Il re di Calidone, Eneo (Oineo), dimenticò di offrire sacrifici alla dea Artemide durante i festeggiamenti per il raccolto. Offesa, la dea inviò nelle campagne un cinghiale mostruoso e gigantesco che distruggeva i raccolti, uccideva il bestiame e terrorizzava la popolazione.
Per uccidere l'animale, il principe Meleagro (figlio di Eneo) radunò i più grandi eroi della Grecia, inclusi Castore, Polluce, Teseo e la giovane e abile cacciatrice Atalanta. 

Durante la feroce caccia, molti uomini vennero uccisi o sbranati dall'animale. La prima a colpire e ferire gravemente il cinghiale fu Atalanta, scoccando una freccia infallibile.
Meleagro riuscì infine a sferrare il colpo di grazia e ad uccidere la bestia. Essendosi innamorato di Atalanta, le offrì il trofeo (la pelle e le zanne dell'animale) come riconoscimento per il suo coraggio. 

Gli zii materni di Meleagro, sdegnati dal fatto che il trofeo fosse stato donato a una donna, aggredirono Atalanta per sottrarglielo.
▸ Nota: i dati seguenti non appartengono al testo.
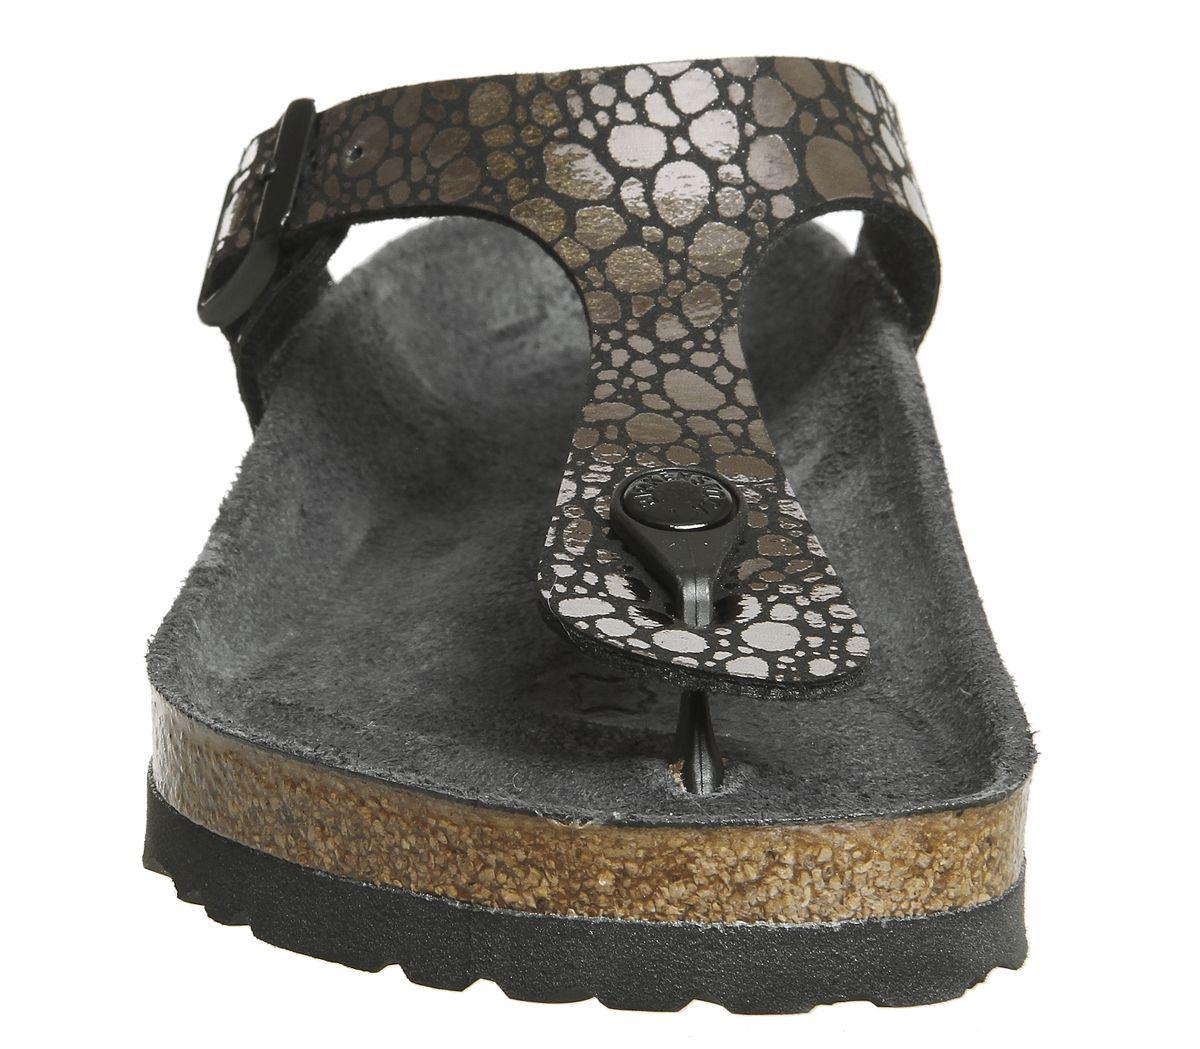 7255d5a62cac Birkenstock Gizeh Toe Thong Sandals Metallic Stones Black Exclusive ...

Accecato dall'ira, Meleagro li difese uccidendo i propri zii.
La madre di Meleagro, Altea, addolorata dalla morte dei fratelli non perdonò mai al figlio di averli uccisi e anzi decise di vendicarli. 
Alla nascita di Meleagro, le Moire avevano profetizzato che il figlio sarebbe vissuto finché un tizzone di legno (conservato gelosamente dalla madre in uno scrigno) non fosse bruciato completamente. In preda al dolore e alla furia, Altea gettò il tizzone nel fuoco, provocandone così la morte.